As Misard, furious and trembling, tried to arrange the bed, Flore came in, on her return from Doinville.

“It will be for the day after to-morrow, at eleven o’clock,” said she.

She spoke of the burial. She understood at a glance what kind of work had made Misard lose his breath during her absence, and she made a gesture of disdainful indifference.

“You may just as well give it up,” said she. “You’ll never find them.”

Imagining she also was braving him, he advanced towards her with set teeth.

“She gave them you, or you know where they are?” said he inquiringly.

The idea that her mother could have given her 1,000 frcs. to anyone, even to her daughter, made her shrug her shoulders.

“Ah!
to blazes! gave them,” she replied; “yes, gave them to the earth! Look, they are there! You can search.” And, with a broad gesture, she indicated the entire house, the garden with its well, the metal way, all the vast country. Yes, somewhere about there, at the bottom of a hole, in a place where none would ever find them.

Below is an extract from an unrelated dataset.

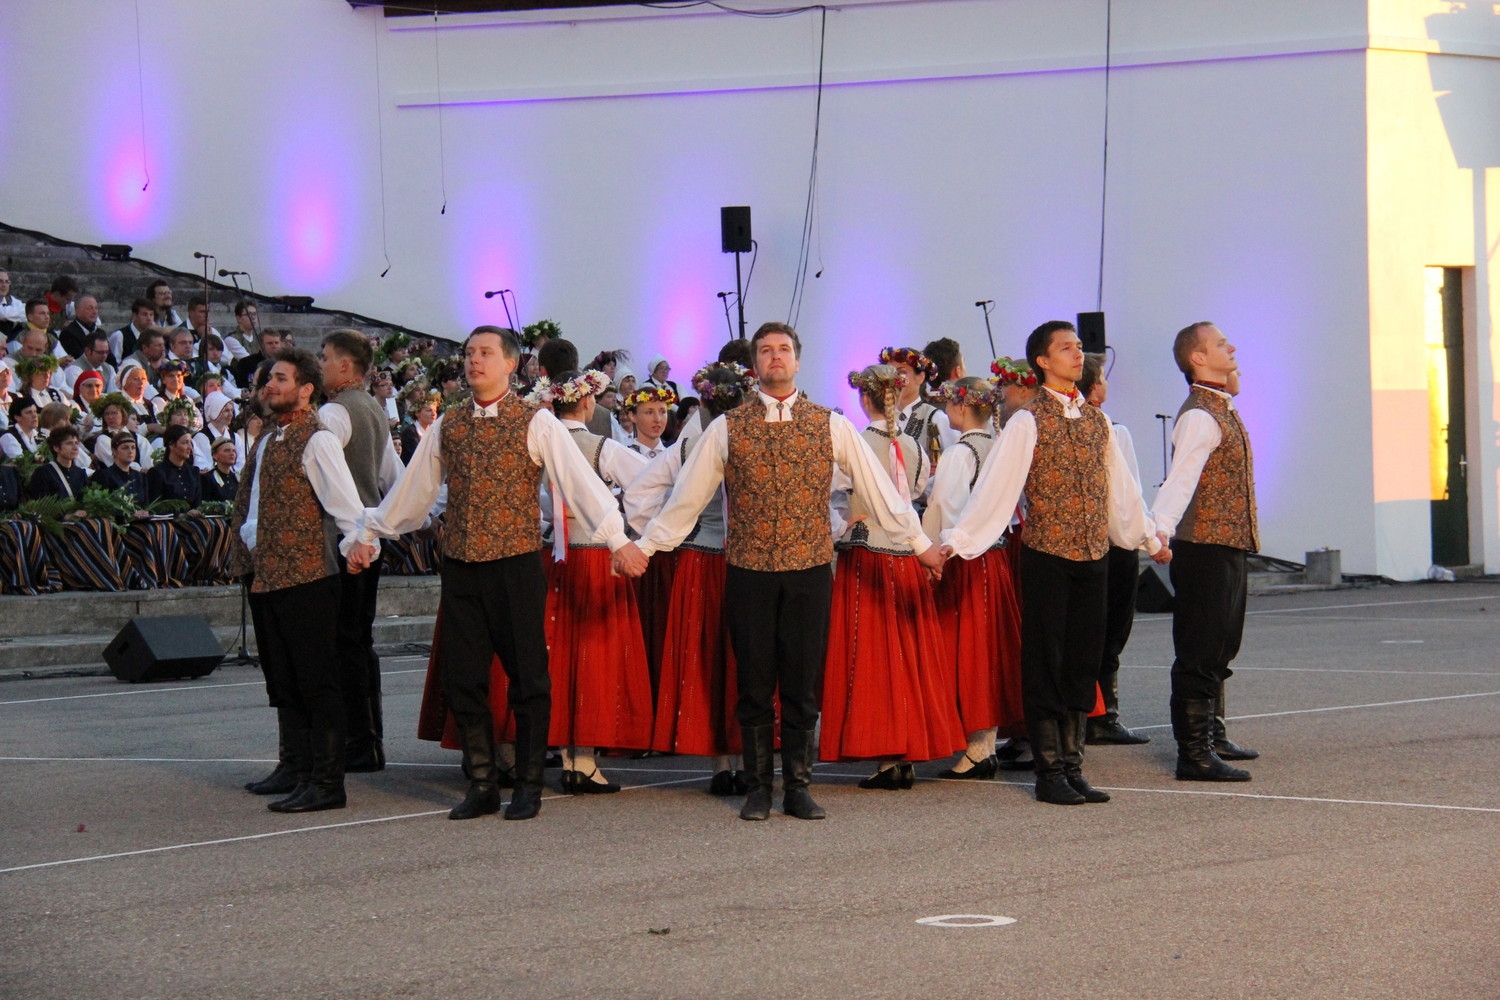 VIII Ziemeļu un Baltijas valstu Dziesmu svētku ieskaņu koncerts Durbes estrādē

Then, while Misard, beside himself with anxiety, began twisting and turning the furniture about again, sounding the walls, without showing any constraint at her presence, the young girl, standing before the window, continued in a subdued voice:

“Oh! it is so mild outside. Such a lovely night! I walked quick. The stars make it like broad daylight. To-morrow, how beautiful it will be at sunrise!”

Flore remained for an instant at the window, with her eyes on the serene country, stirred by this first gentle warmth of April, from which she had just returned thoughtful, and suffering more acutely from her vivified torment. But when she heard Misard leave the apartment, and continue his tenacious search in the adjoining rooms, she, in her turn, approached the bed, seating herself with her eyes on her mother. The candle continued burning at the corner of the table, with a long, motionless flame. A passing train jolted the house.

Flore had resolved to remain there all night, and she sat pondering. First of all, the sight of the dead woman drew her from her fixed idea, from the thing that haunted her, which she had been debating in her mind beneath the stars, in the peaceful obscurity, all the way from Doinville. Surprise now set her suffering at rest. Why had she not displayed more grief at the death of her mother? And why, at this moment even, did she not shed tears?

Indeed, she loved her well, notwithstanding her shyness of a great, silent girl, who was for ever breaking away beating about the fields, as soon as released from duty. Twenty times over during the last crisis which was to kill her mother, she had come and sat there to implore her to call in a doctor; for she guessed what Misard was after, and was in hopes that fear would stop him. But she had never been able to obtain anything more from the invalid than a furious No. It seemed as if her mother took pride in accepting no assistance in the struggle, certain of the victory in spite of everything, as she carried off the cash; and then Flore ceased to interfere. Beset by her own chagrin, she disappeared, careering hither and thither to forget.

Assuredly this was what barred her heart When a person has too keen a trouble, there is no room for another. Her mother had gone; she saw her there, destroyed, and so pallid, without being able to feel any more sad, notwithstanding her efforts. Call in the gendarmes! Denounce Misard! What would be the use of it, as there was about to be a general upheaval? And, little by little, invincibly, although her eyes remained fixed on the dead body, she ceased to perceive it. She returned to her own inner vision, occupied entirely by the idea that had planted itself in her brain, alive to nothing but the heavy shock of the trains, whose passage told her the time.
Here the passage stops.